* [EXERCISE AIM]:
What you return should be only the lines in the entries below between the one holding "La oscura verdad" and the one holding "Wedding decorations theme", ends included, with every picture left out.

* [RAW DATA]:
== Segment start ==

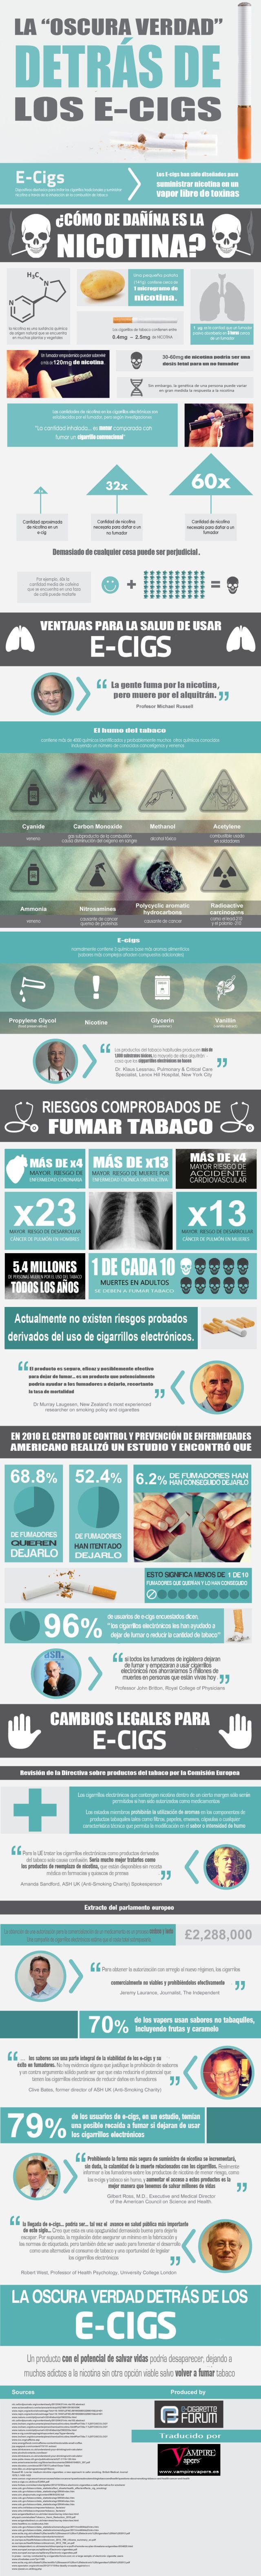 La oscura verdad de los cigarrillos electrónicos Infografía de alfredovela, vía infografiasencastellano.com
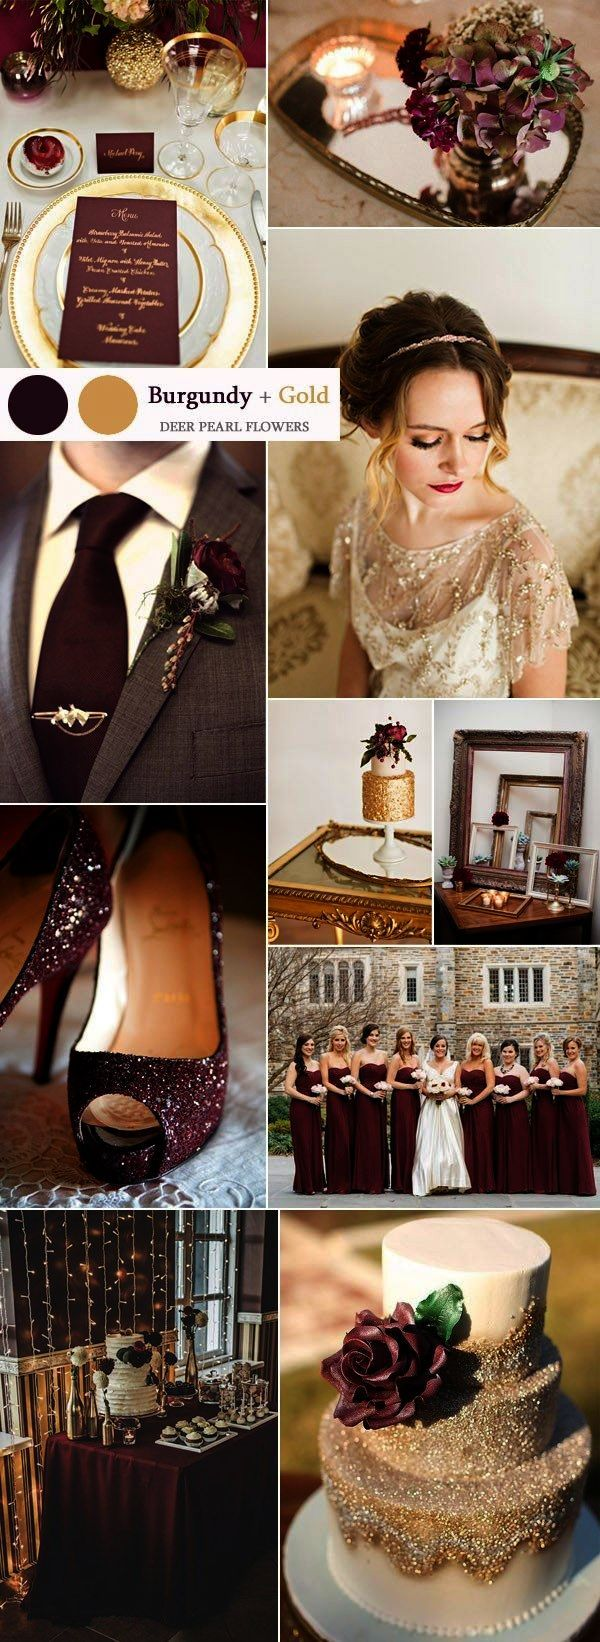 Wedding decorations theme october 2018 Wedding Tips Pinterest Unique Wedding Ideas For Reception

== Segment end ==
== Segment start ==

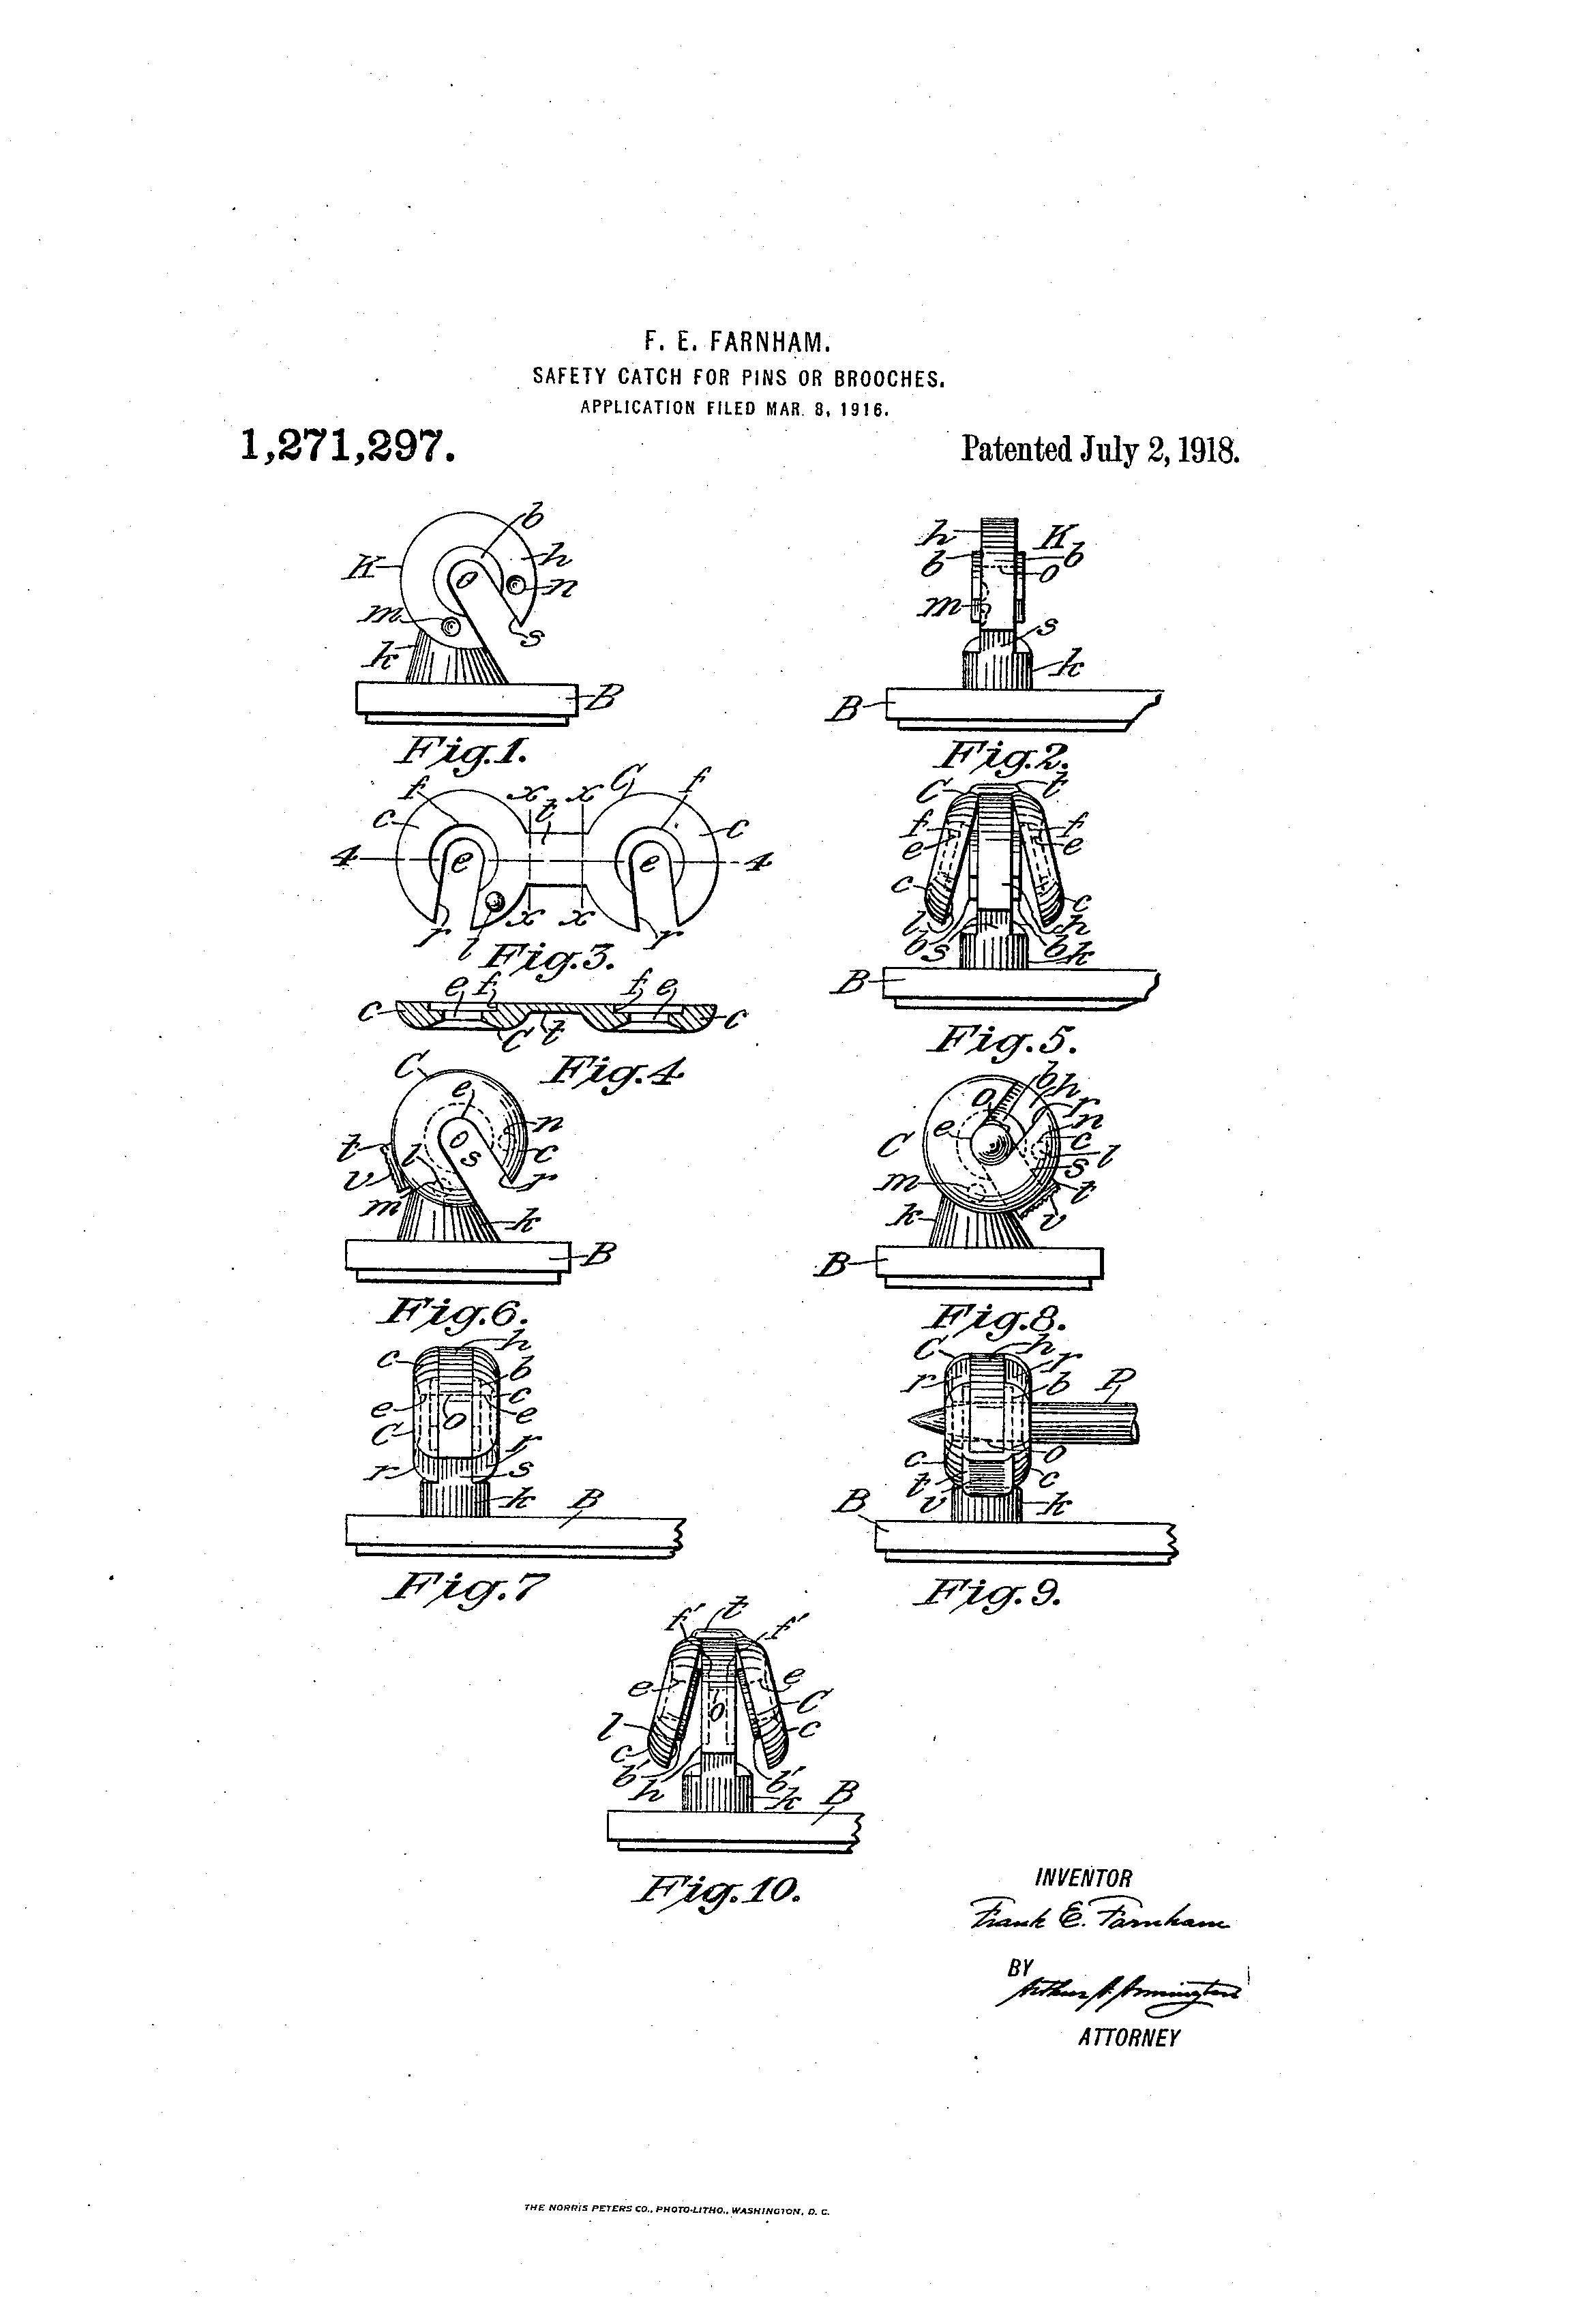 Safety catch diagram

== Segment end ==

* [RESPONSE BOX]:
 La oscura verdad de los cigarrillos electrónicos Infografía de alfredovela, vía infografiasencastellano.com
 Wedding decorations theme october 2018 Wedding Tips Pinterest Unique Wedding Ideas For Reception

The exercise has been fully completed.